As could be expected, the treatment of cut-elimination
can be clarified and unified if we extend formulae to contain OR and AND nodes.
The result is a quite simple game-theoretic semantics of classical logic.
Comments are very wellcome.
FORMULAE:
a formula is a AND, OR tree of bounded depth, where the leaves are booleans
True or False.
We don't restrict trees to be finitely branching, hence we can represent
universal and existential quantifications (as infinite conjunction
and disjunction respectively).
We define the complement A* of a formula by
True* = False, False* = True
if A is /\ Ai, then A* is \/ Ai*
if A is \/ Ai, then A* is /\ Ai*.
We will write also A,B for A \/ B.
For instance, the sequent (x)P(x),(E x)P*(x) is thought of as
the infinite disjunction \/ P*(n) \/ [/\ P(n)].
PROVABLE FORMULAE:
This is an inductive definition:
.if A is /\ Ai, A is provable iff for all i, Ai is provable
.if A is \/ Ai, A is provable iff there exists i0 such that Ai0 is
True or Ai0 = /\ Ai0j, and for all j, Ai0j \/ A is provable.
REMARK: a standard inductive argument shows that if A* and A,B
are provable, then B is provable.
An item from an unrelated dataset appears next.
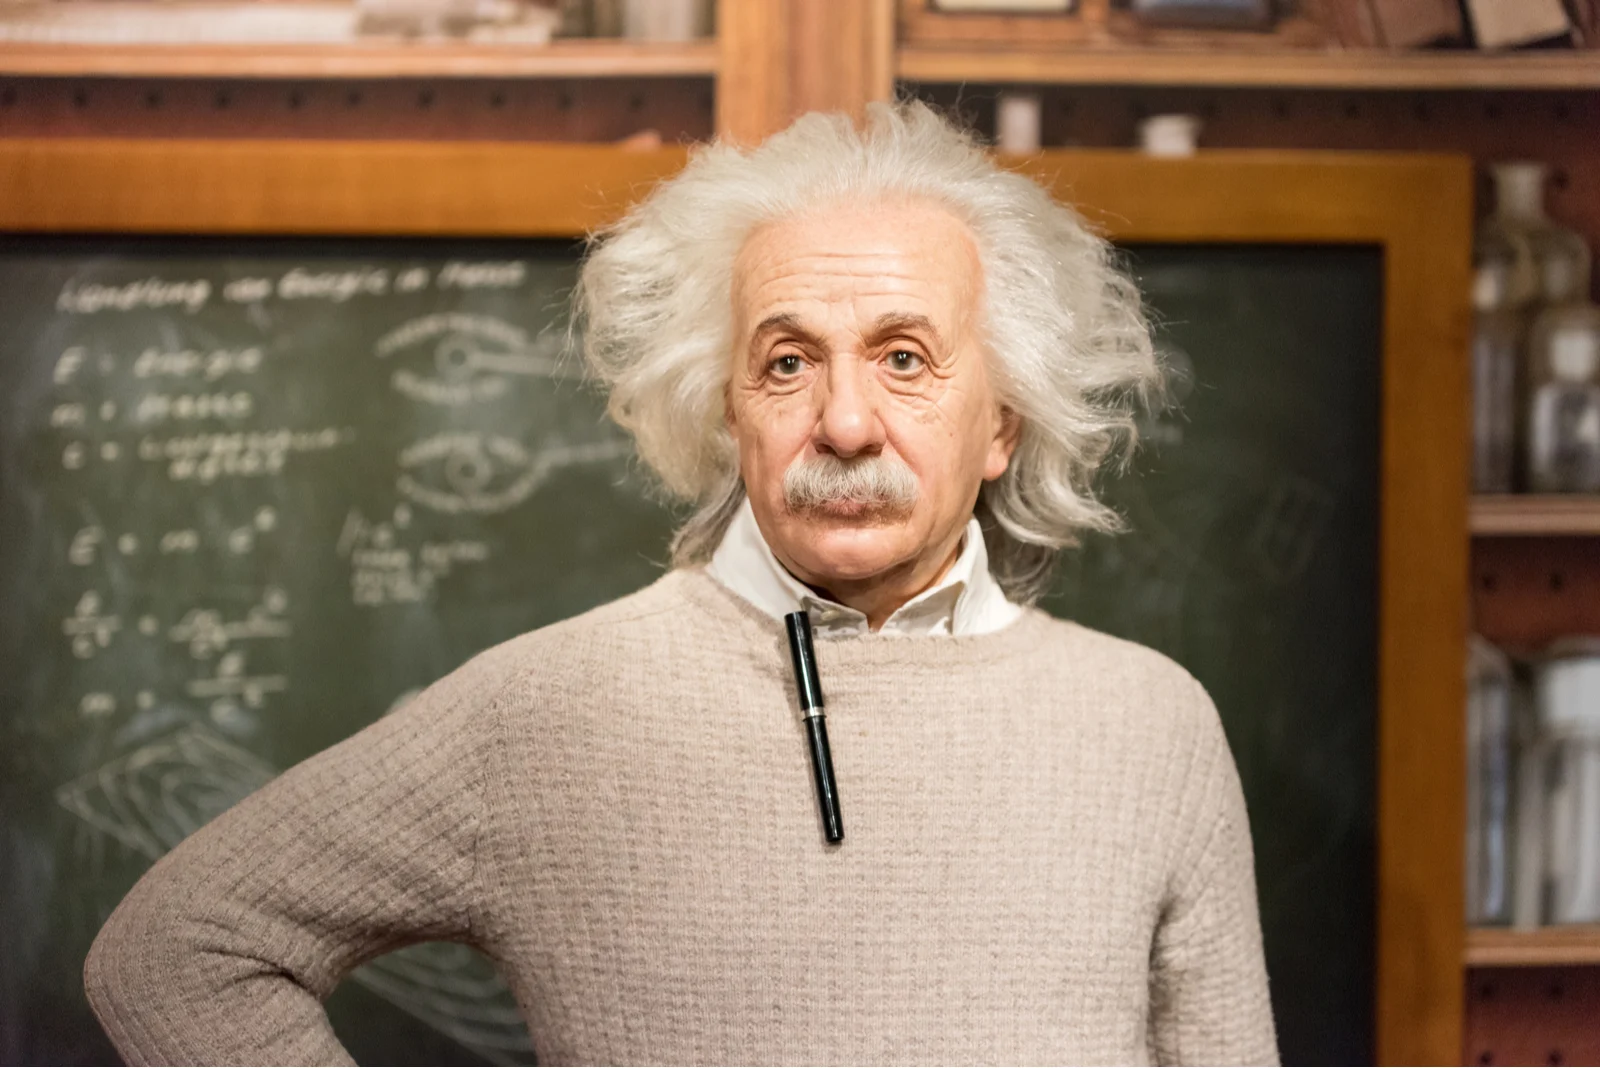 Albert Einstein wax figure

We are going to refine this result
(which fails to produce satisfactory computations in general, cf. the 0/1
example of the previous message).
GAMES, PLAYERS and INTERACTION SEQUENCES:
The definition of provable suggests the following game between player I
and player II for a configuration A:
.if A is /\ Ai, player II chooses an i, and the configuration becomes Ai
and the game goes on,
.if A is \/ Ai, player I choses i0 such that Ai0 is True (and wins
the game), or such that Ai0 is /\ Ai0j, and player II chooses a j
and the configuration becomes A \/ Ai0j, and the game goes on.
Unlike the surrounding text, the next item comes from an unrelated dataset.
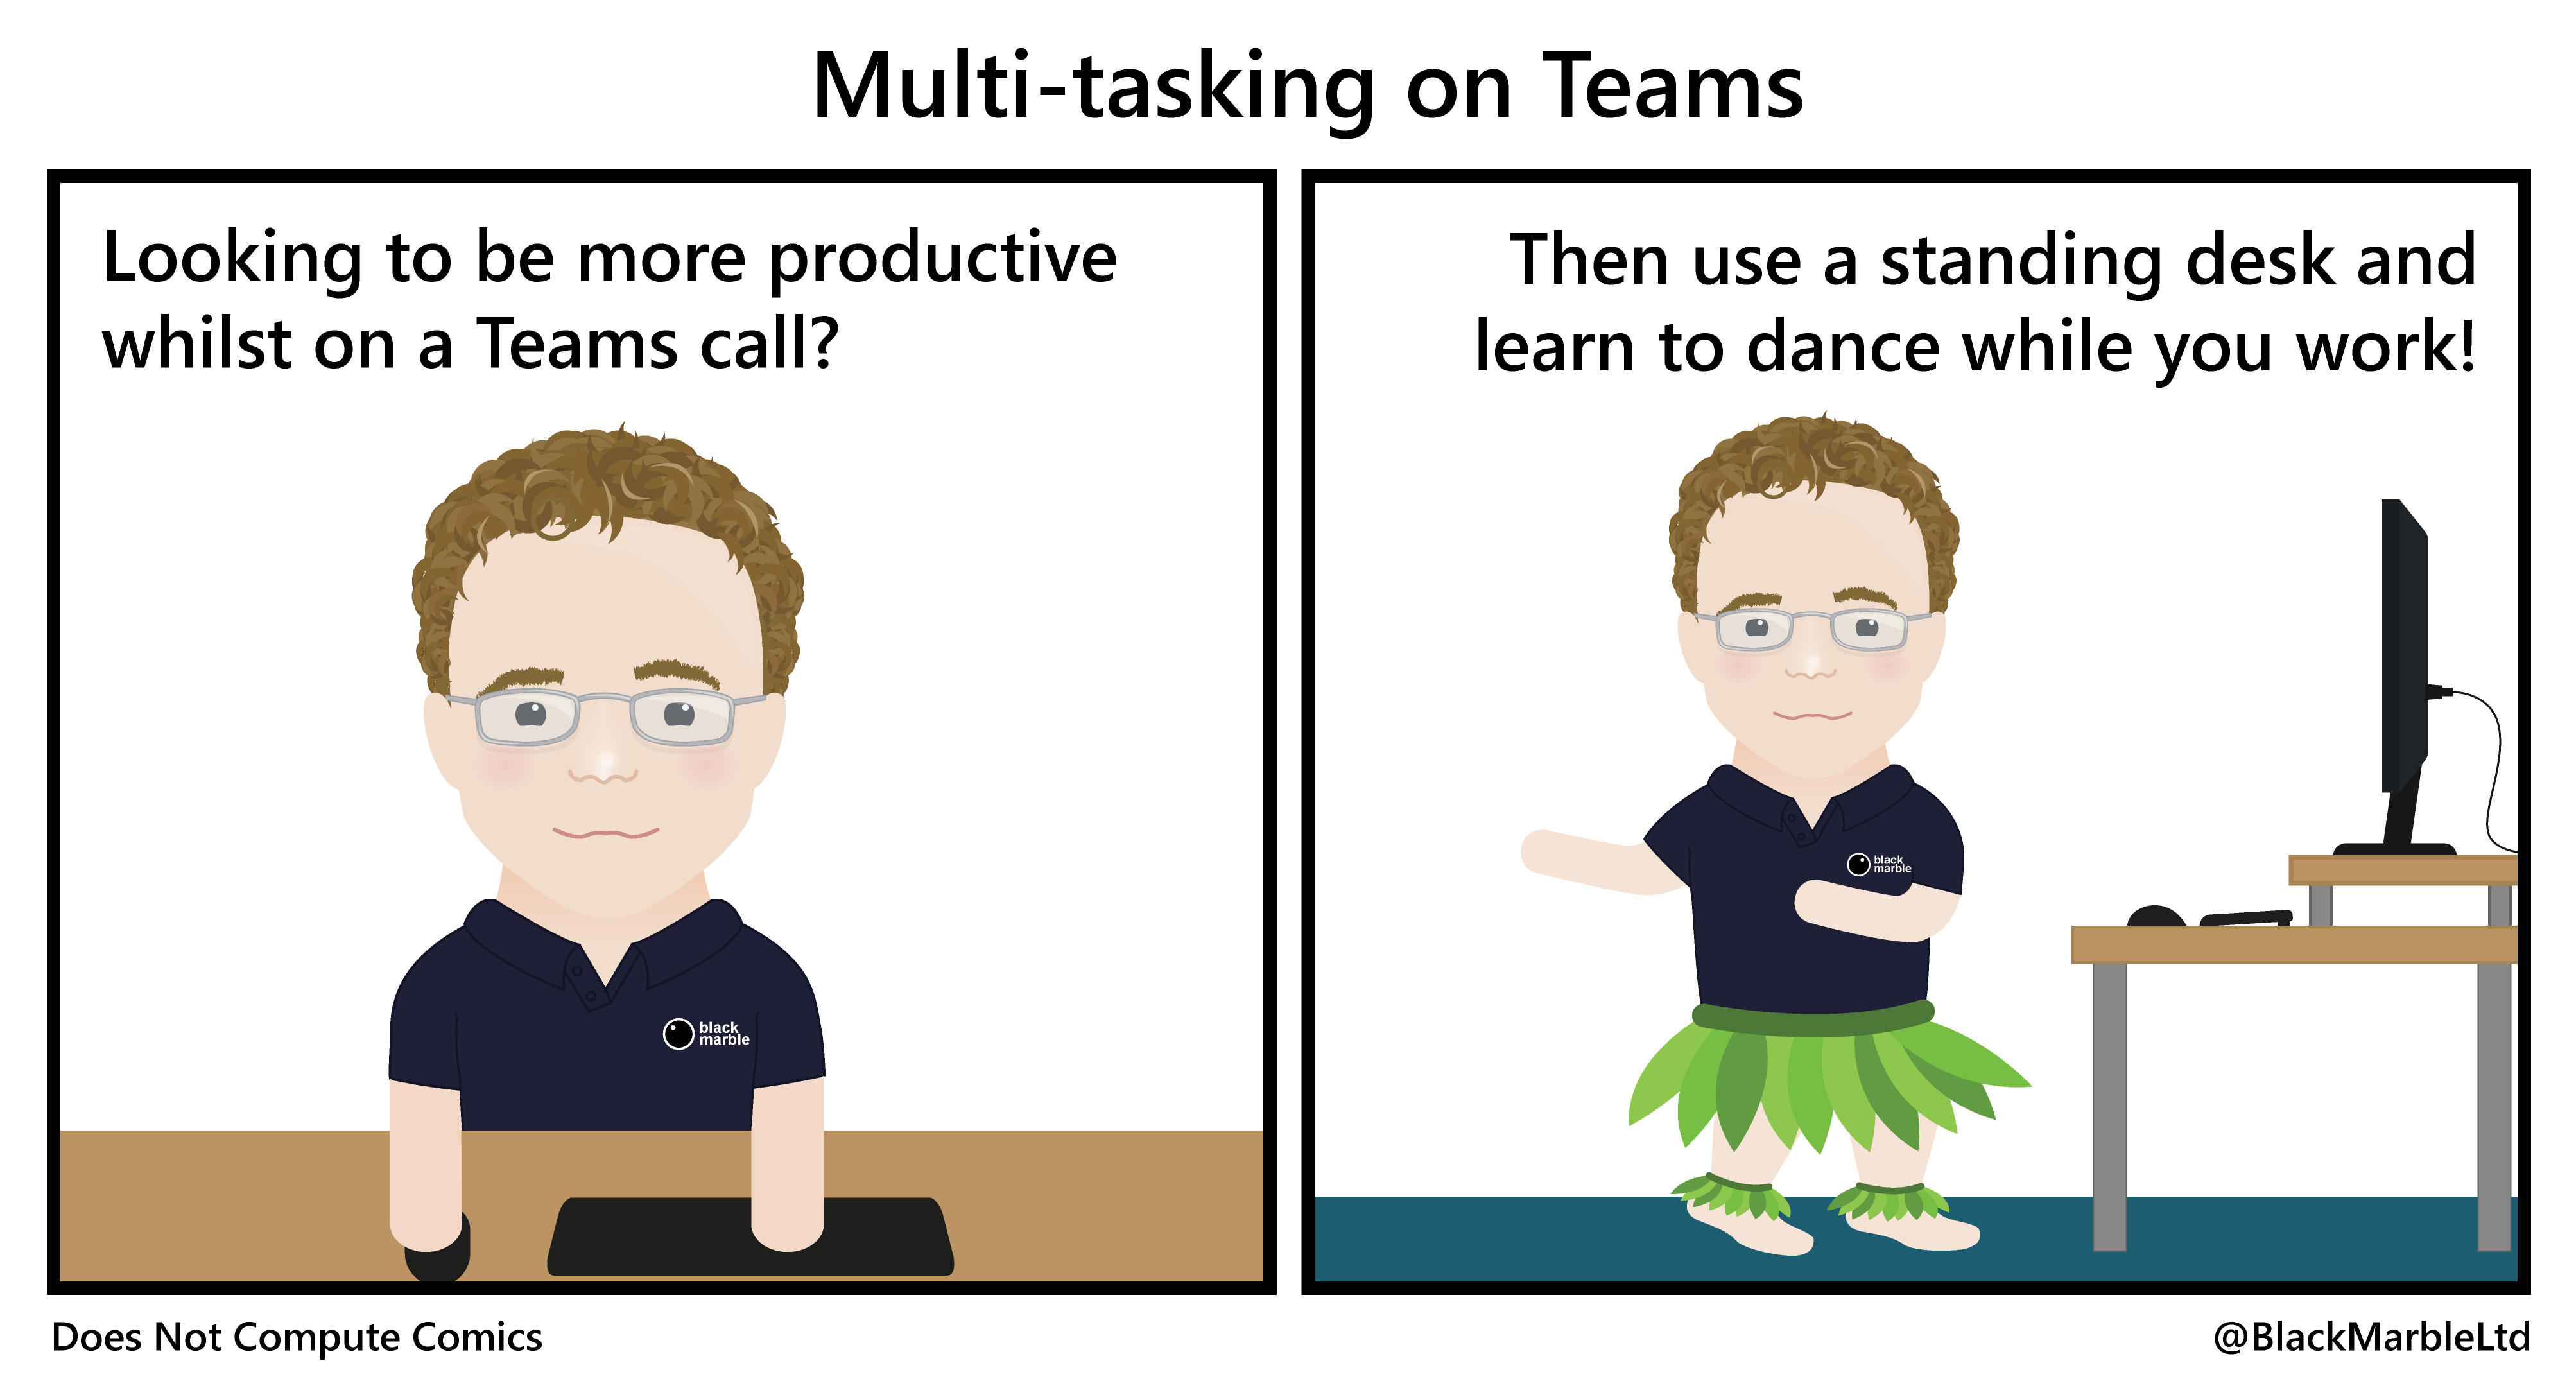 Multitasking on Teams

A sequence of such actions, infinite or terminating with a win of
a given player I P, is called a PLAY of P.
Given a player I P for A, and a player I Q for A*, one can form the
INTERACTION SEQUENCE of P and Q by letting P play against Q. A given
interaction sequence between P and Q can be seen as a tree of
plays for P (and dually, as a tree of plays for Q).
STRATEGIES, PROOFS and EVIDENCE:
A SIMPLE STRATEGY for A tells a player I how to play against any
player II for A.
A STRATEGY for A tells a player I how to interact against any player
I for A*. A PARTIAL STRATEGY is a strategy that may fail to indicate
moves.
It is clear that any strategy can be restricted to a simple strategy, and
any simple strategy extends canonically to a strategy. In general,
a strategy differs from the extension of its associated simple
strategy (see below for an example). Also, a strategy can be considered
as a player.
A simple strategy is a PROOF of A if it wins against any player II.
This definition agrees with the inductive definition of provable.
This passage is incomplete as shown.